English conductor Richard Hickox is geographically not so far away these days, with his transtasman tenure as Australian Opera's music director. He checked in early this year with Prokofiev's The Love for Three Oranges starring our own Wendy Dawn Thompson.
Few conductors are as prolific or wide-ranging as Hickox and on his latest CD he wields a baton for two, frothy one-act operettas by Arthur Sullivan.
With the BBC National Orchestra of Wales and five sterling soloists, premier quality goes without saying.
The 1866 Cox and Box was written before Sullivan teamed up with W.S. Gilbert and is a curtain-raiser for three singers - the score describes it as a "triumviretta". It is a farcical comedy of confusion in which two lodgers, inadvertently sharing the same room, discover they are long-lost brothers.

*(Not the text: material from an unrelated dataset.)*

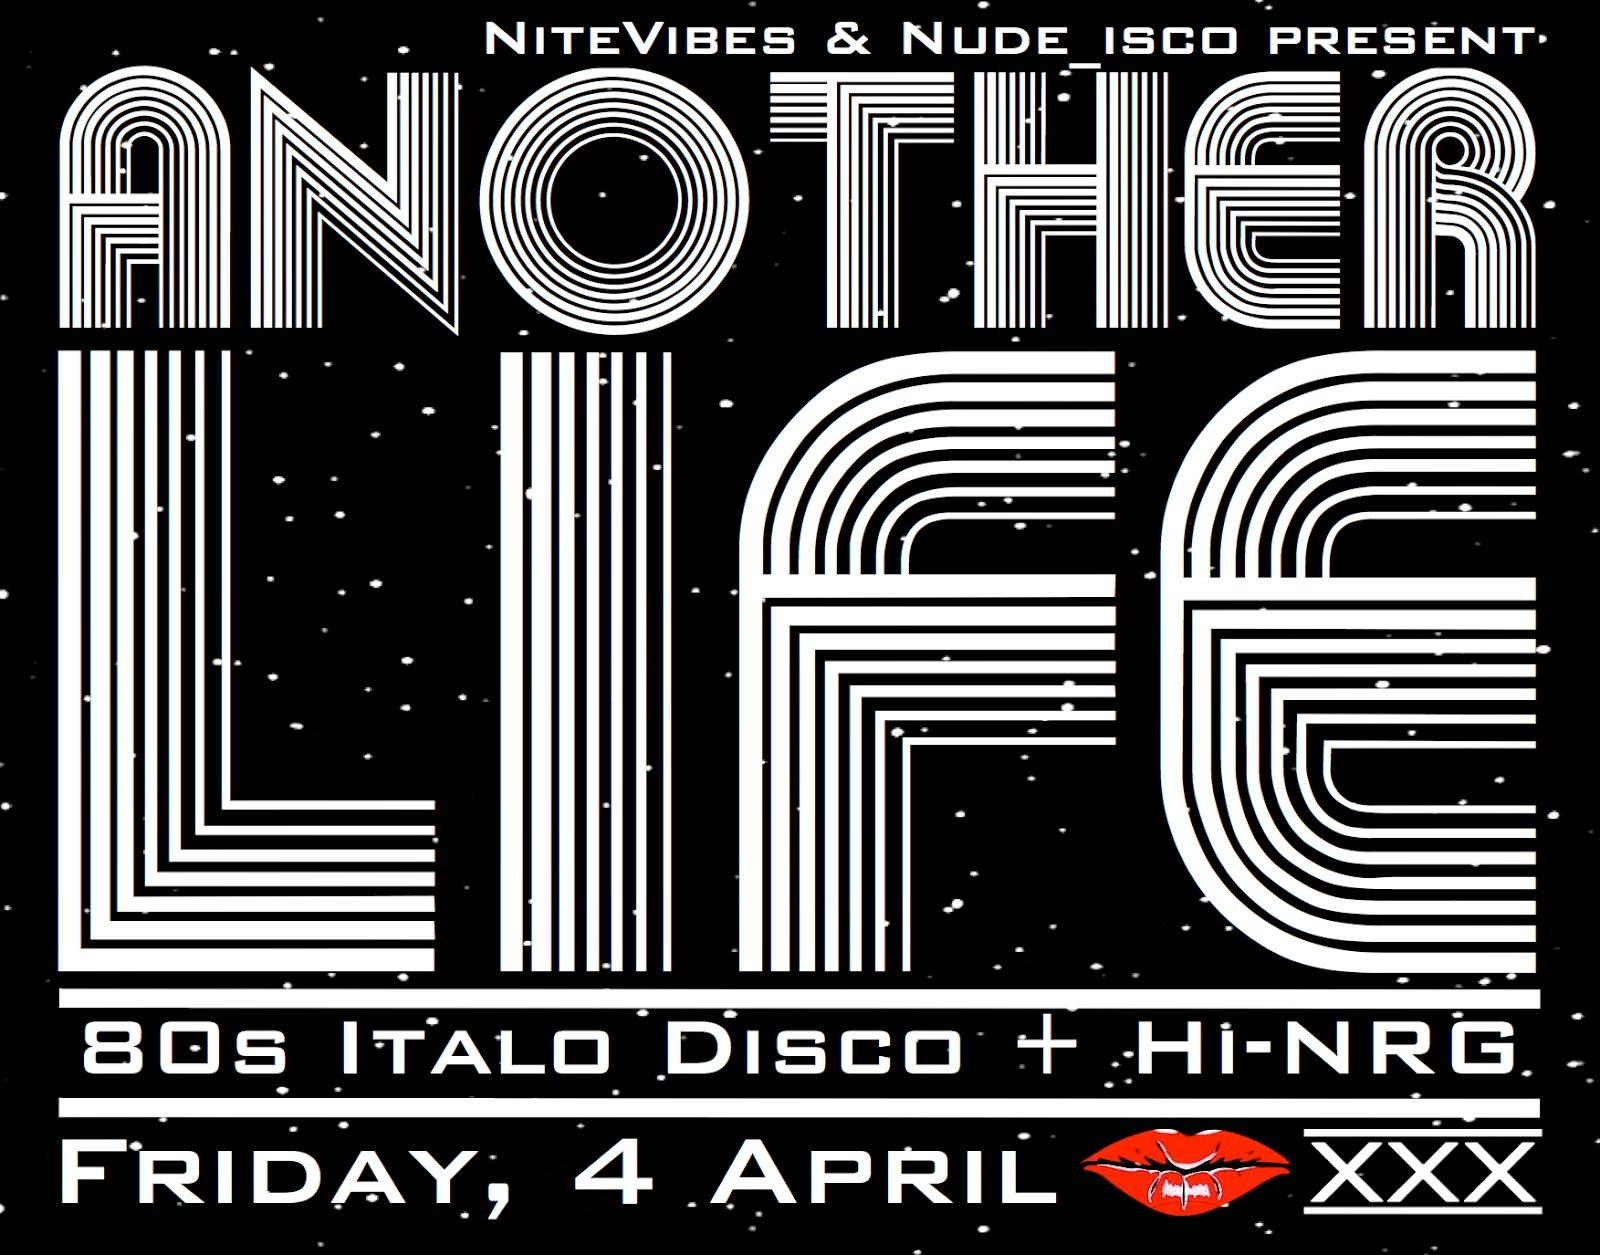 ANOTHER LIFE - Italo & Hi-NRG @ XXX Hong Kong | Nude_isco
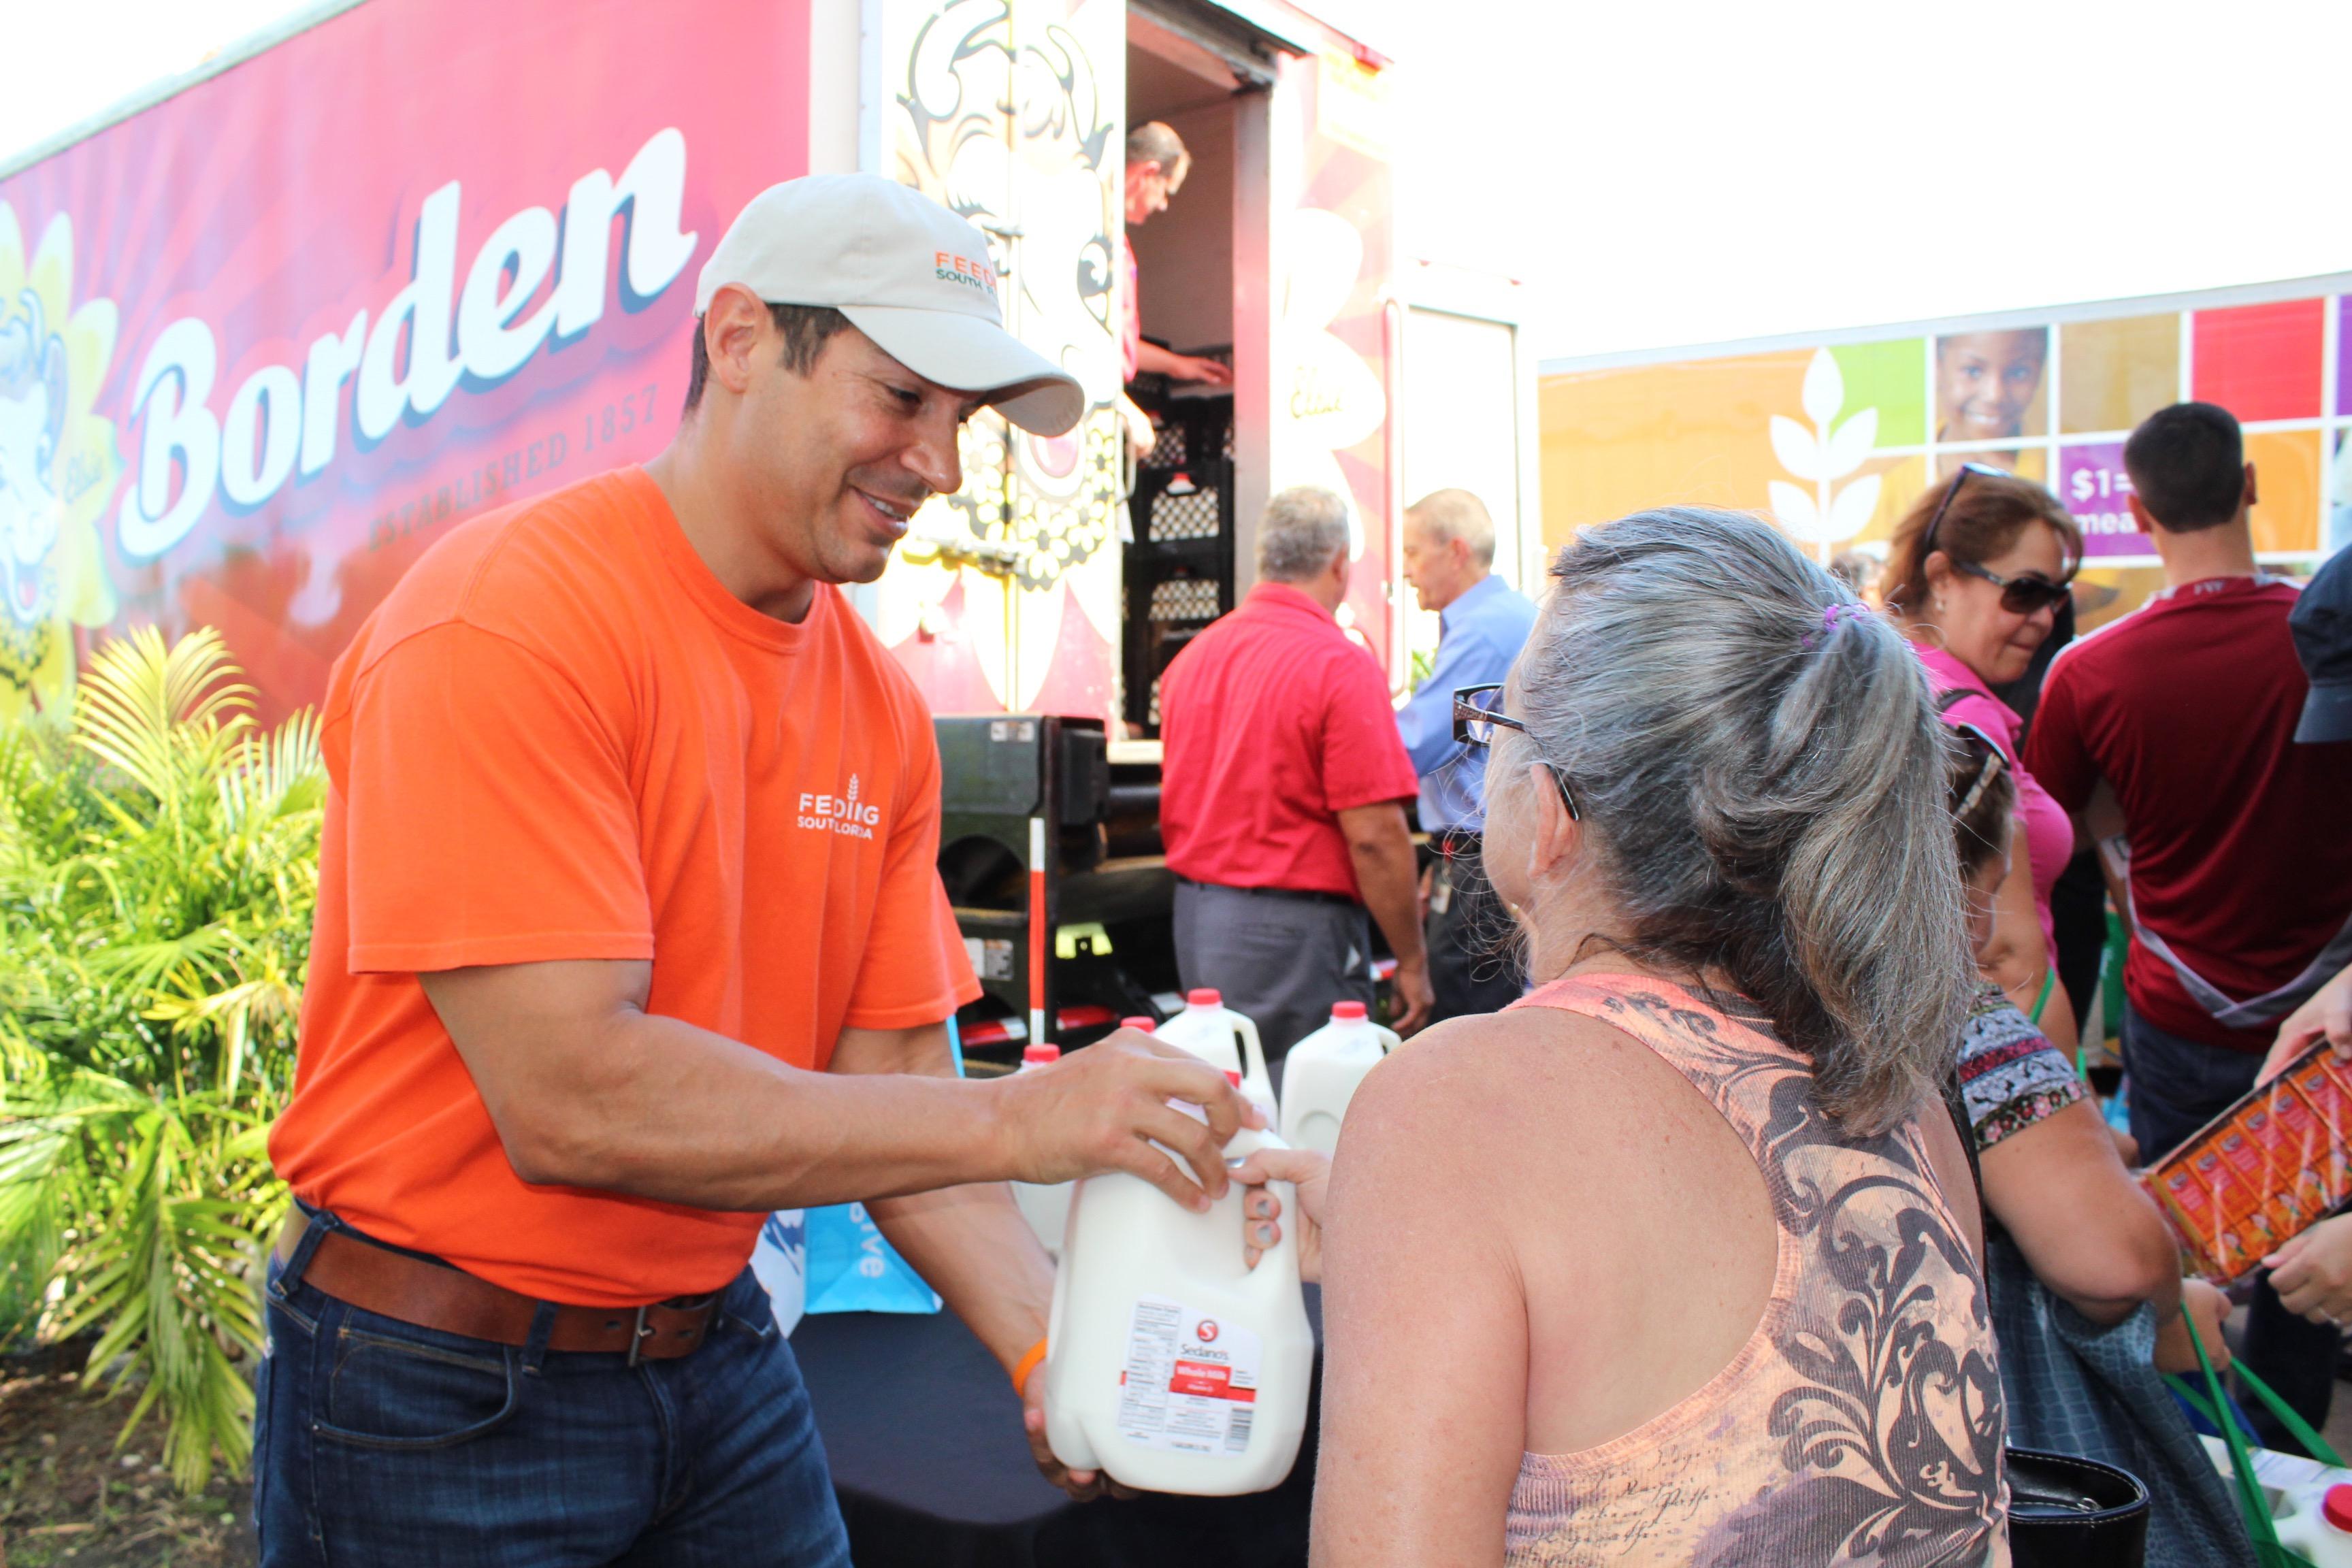 Feeding South Florida receives 6,000 gallons of milk

Francis Burnand's libretto is pared down to a few connecting sentences, the most treasurable being "Who else but a tenor would sing a lullaby to a piece of bacon at half-past eight in the morning?" The emphasis is on Sullivan's sparkling score.
The musical satire is adept and delightful, from the Mendelssohnian overture to Bouncer's Handelian Rataplan, rollickingly rendered by Donald Maxwell.
Sullivan's original orchestration is particularly piquant, especially in the drawing-room duet of The Buttercup, with pizzicato strings catching the "gay guitar". The Gilbert and Sullivan partnership started in 1875 with Trial by Jury, a half-hour "Dramatic Cantata", a courtroom carry-on spun around a Breach of Promise.
There is real dash and wit here with the absence of Gilbert's sometimes laboured dialogue. One can relax with Sir Arthur, as he runs from ingenious recitative to chattering chorus, and the music nods elegantly at composers from Bach (or at least Handel) to Offenbach.
Maxwell is the judge here, jogging amiably through his pattered When I, good friends and Rebecca Evans, a soprano acclaimed for her Mozart performances, makes the most of her I love him I love him.
If you are a G&S fan, you won't be able to live without this disc; if you are not, this CD just might convert you.
* Sullivan, Cox & Box/Trial by Jury (Chandos CHAN 10321, through Ode Records)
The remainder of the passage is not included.